LayerNorm

class LayerNorm(normalized_shape, eps=1e-05, affine=True, **kwargs)[source]

Applies Layer Normalization over a mini-batch of inputs Refer to Layer Normalization

\[y = \frac{x - \mathrm{E}[x]}{ \sqrt{\mathrm{Var}[x] + \epsilon}} * \gamma + \beta\]

The mean and standard-deviation are calculated separately over the last certain number dimensions which have to be of the shape specified by normalized_shape. \(\\gamma\) and \(\\beta\) are learnable affine transform parameters of normalized_shape if affine is True. The standard-deviation is calculated via the biased estimator.

Note

Unlike Batch Normalization and Instance Normalization, which applies scalar scale and bias for each entire channel/plane, Layer Normalization applies per-element scale and bias.

Parameters
  • normalized_shape (int or tuple) – input shape from an expected input of size size \([*, normalized\_shape[0], normalized\_shape[1], ..., normalized\_shape[-1]]\). If it is a single integer, this module will normalize over the last dimension which is expected to be of that specific size.

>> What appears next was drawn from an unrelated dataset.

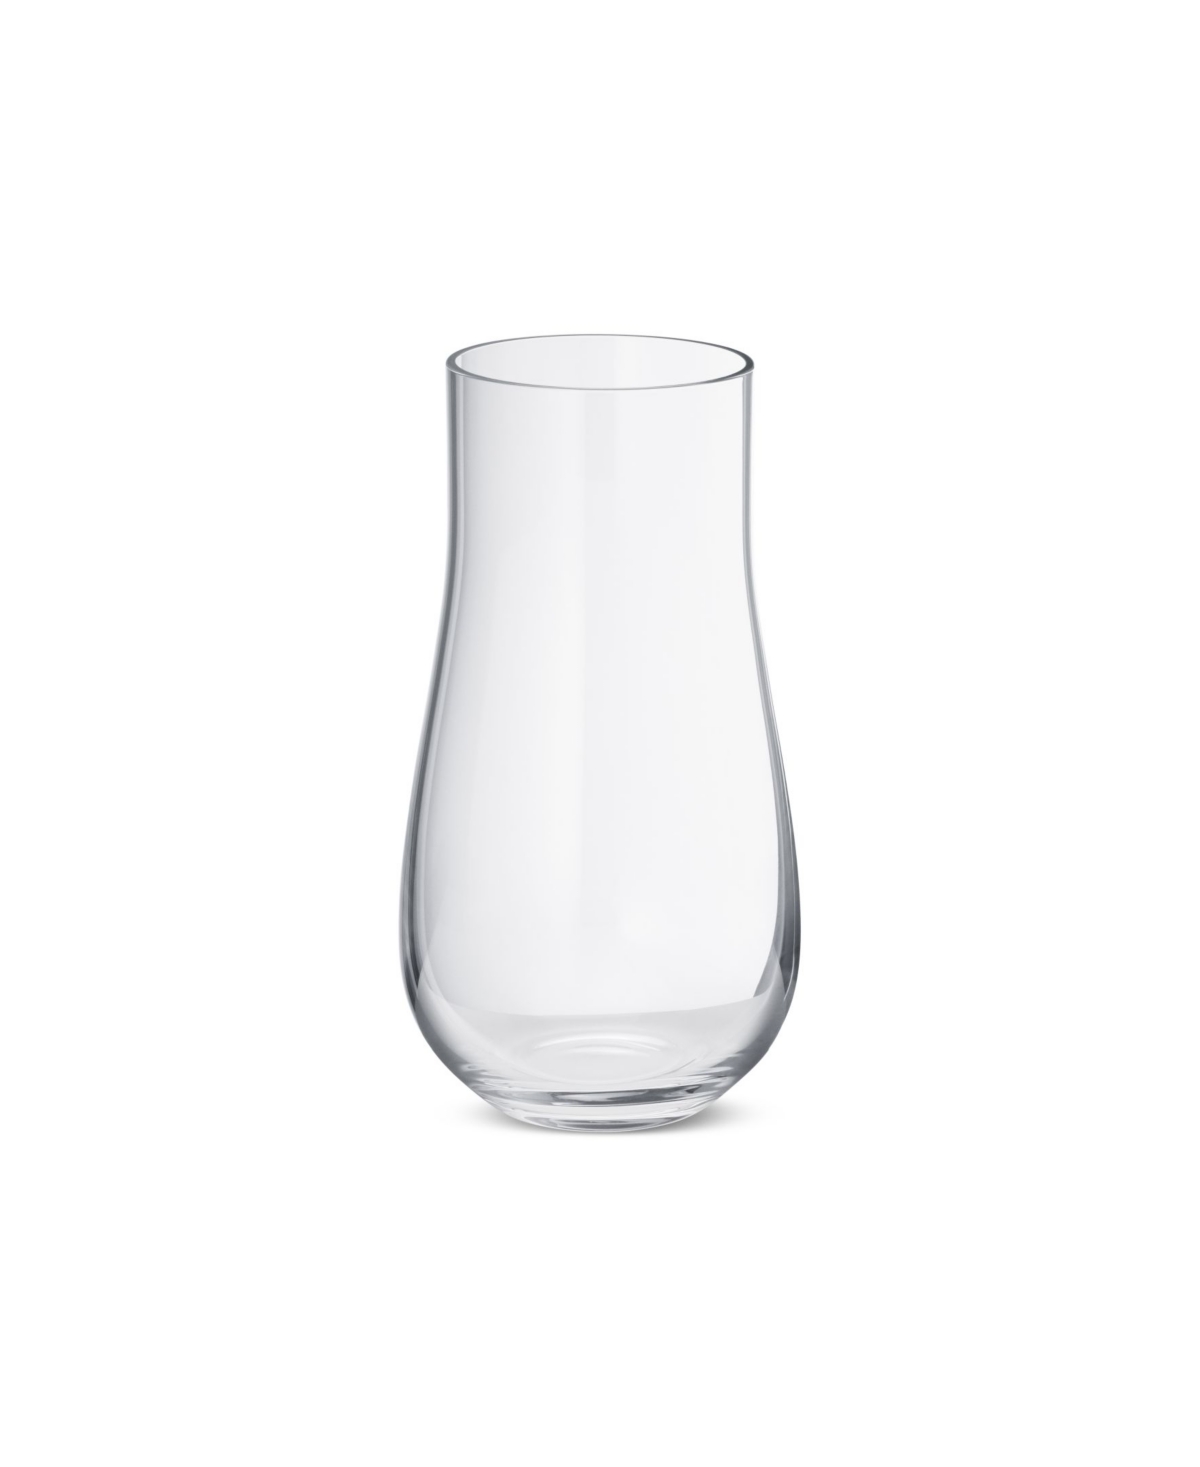 Georg Jensen Sky Tall Tumbler Set, 6 Pieces In Clear Glass

  • eps – a value added to the denominator for numerical stability. Default: 1e-5

  • affine – this module has learnable affine parameters (weight, bias) when affine is set to be True.

Shape:
  • Input: \((N, *)\) (2-D, 3-D, 4-D or 5-D tensor)

  • Output: \((N, *)\) (same shape as input)

Examples

>>> import numpy as np
>>> inp = Tensor(np.arange(2 * 3 * 4 * 4).astype(np.float32).reshape(2, 3, 4, 4))
>>> m = M.LayerNorm((4, 4))
>>> out = m(inp)
>>> out.numpy().shape
(2, 3, 4, 4)